Operations on differential notation are fully rigorous in standard mathematics, as a well-defined representation of properties of differentiable functions. If you want the differentials themselves to be mathematical objects that satisfy the rules of the differential notation, that can be done (and is done, in several different useful ways) in standard mathematics. Robinson NSA is only one option.

this approximation never really becomes equality, the smaller the angles the better it works, but still never equality!

That is true in all forms of infinitesimal reasoning except those with nilpotents (which can be defined by asserting that the order $k$ Taylor approximations are an equality, for a selected value of $k$). Calculations are always "up to higher order terms".

we actually have in mind that this quantity contains higher order terms, but they will vanish after we parametrise?

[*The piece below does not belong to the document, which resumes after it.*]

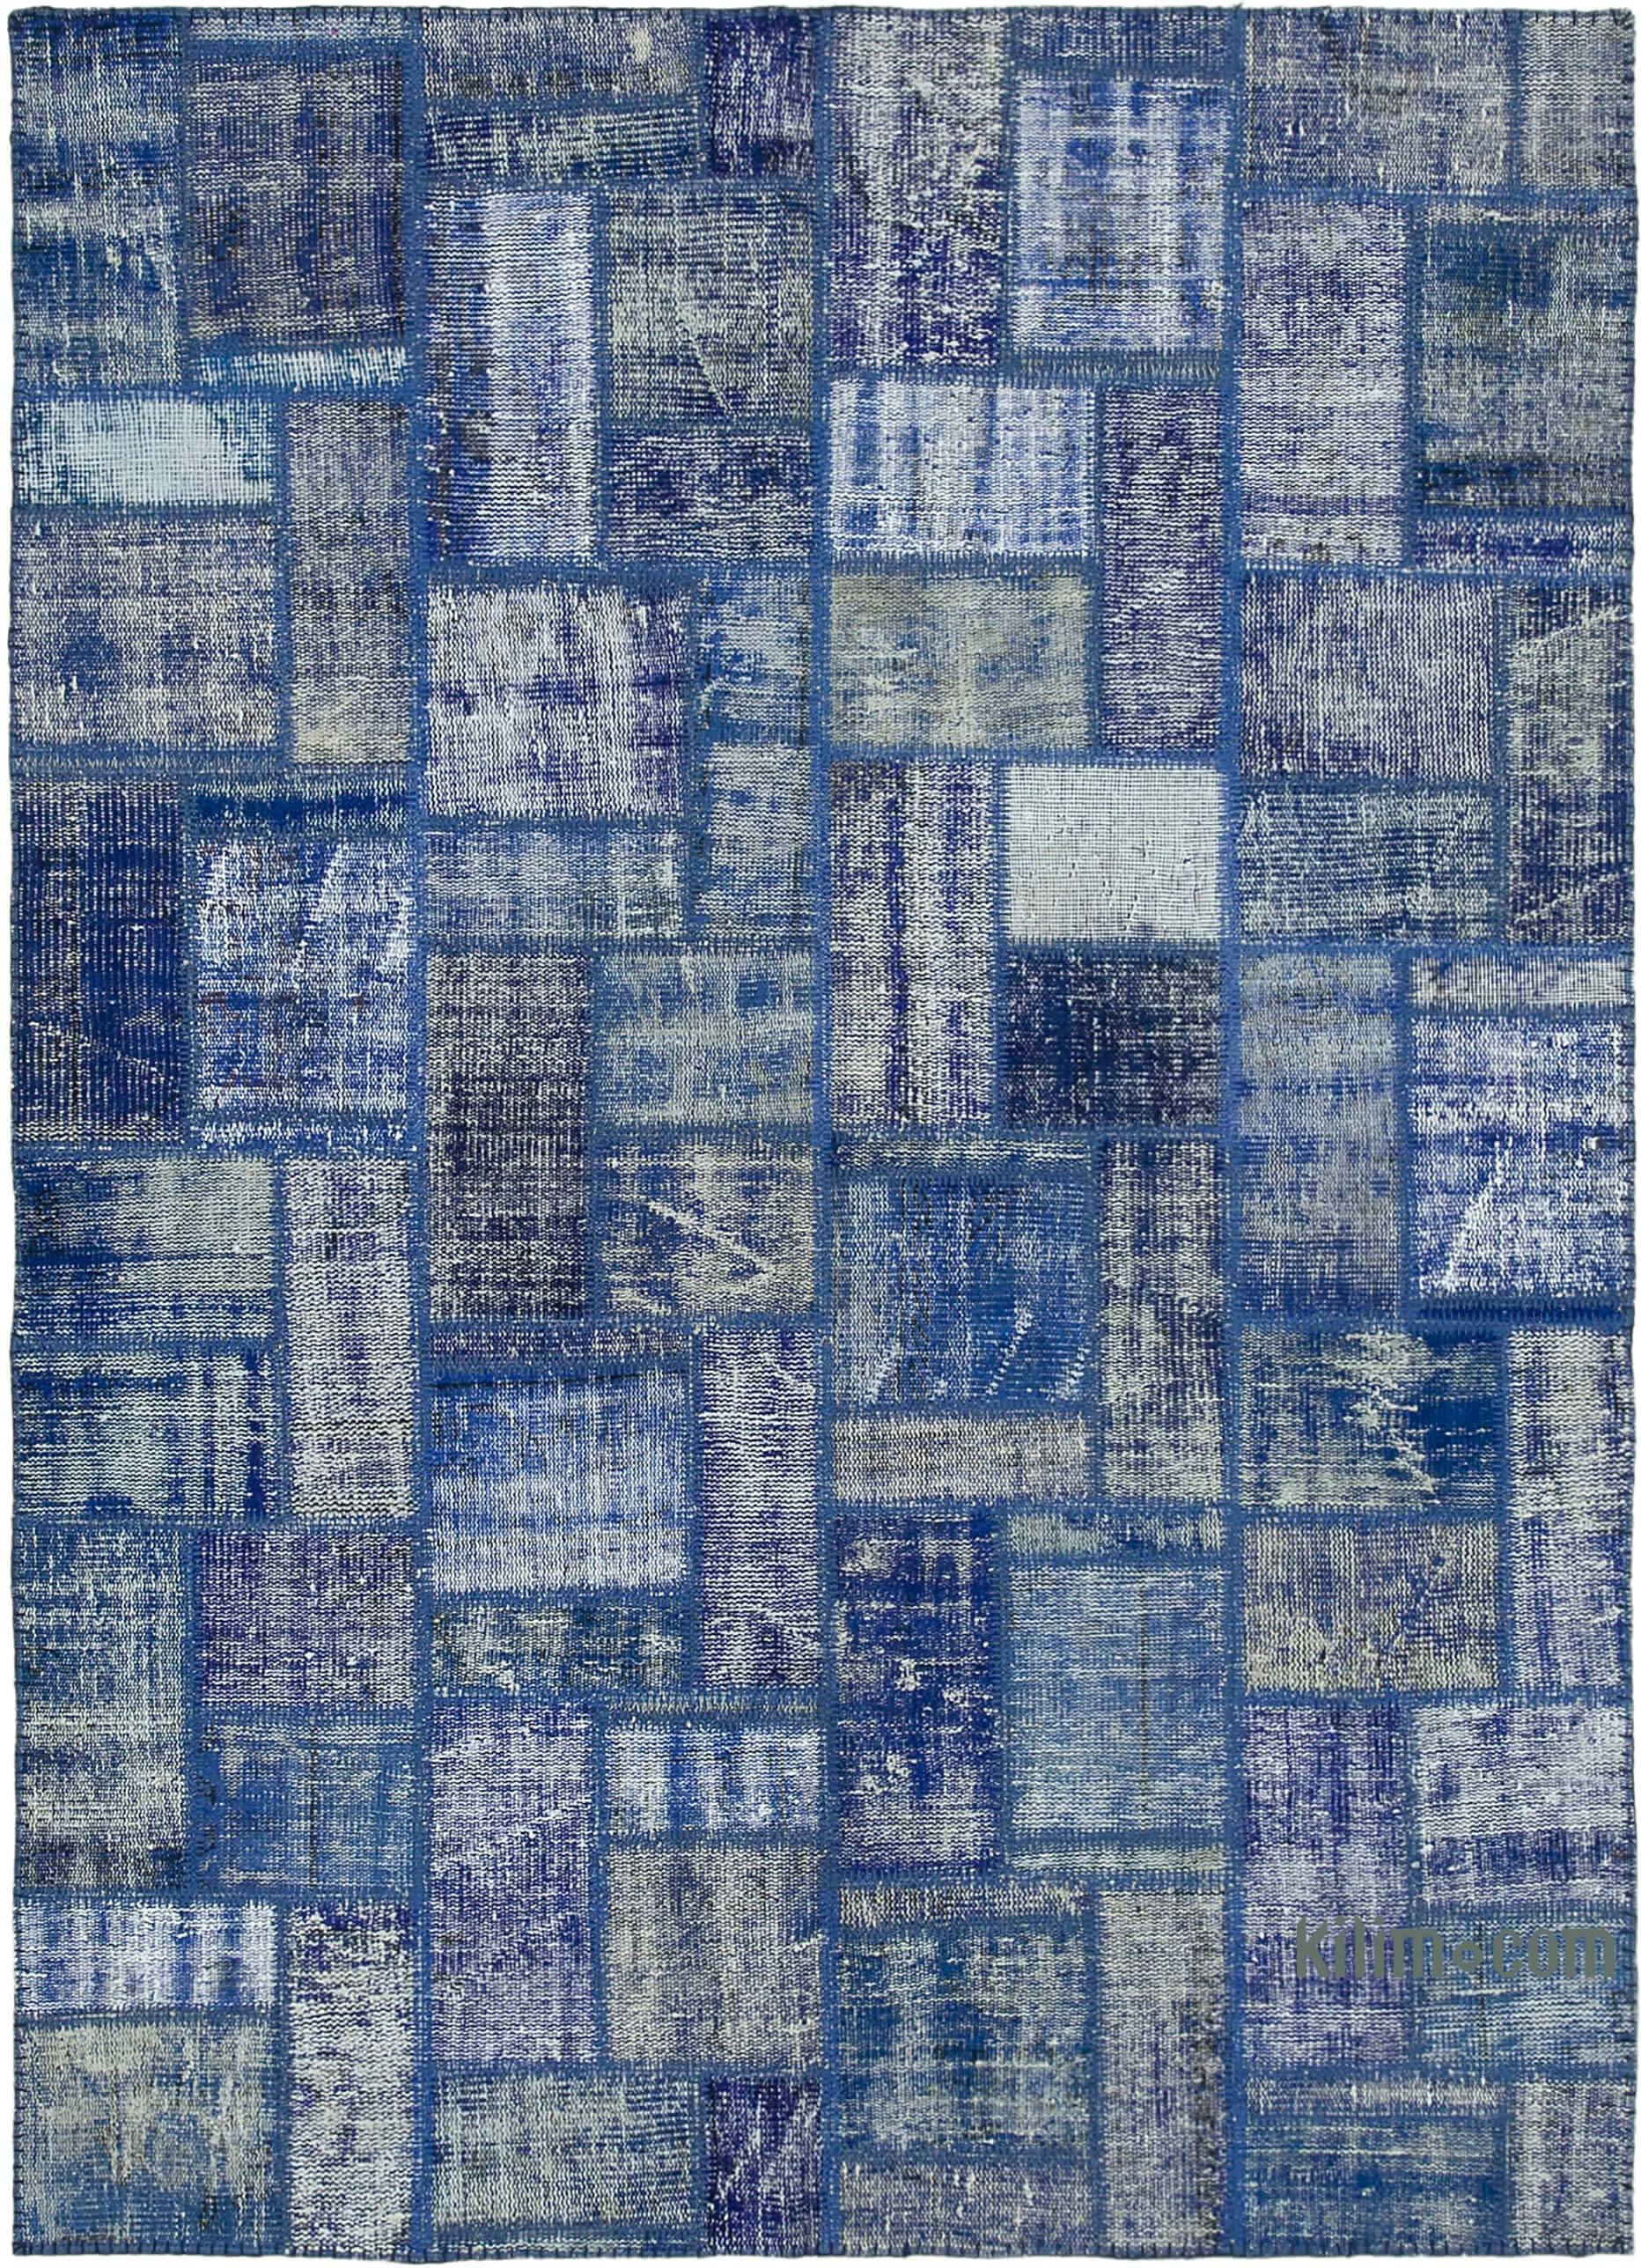 Shop Modern Rugs, Contemporary Carpets and Runners - Handwoven, Authentic

We have in mind that only a finite leading-order term is being calculated at the end, and the rest is an error term that is qualitatively smaller in the sense that it vanishes in the limit, or is infinitesimal or nilpotent or non-non-zero (which are some of the meanings of "qualitatively smaller" that are assigned in different formalizations of infinitesimal reasoning). For example, the product rule $d(FG) = (dF)G + F(dG)$ is true only up to second-order terms, which means ignoring $(dF)(dG)$ as something that will not contribute to the end result when calculating some quantity such as $d(FG)/dt$. If you do not want the limiting or infinitesimal answer, but a finite change in $FG$ over a finite interval of $t$, then the product rule is false and the higher order terms need to be accounted for. The calculus rules are only for handling the principal terms in asymptotic calculations that become "exact in the limit".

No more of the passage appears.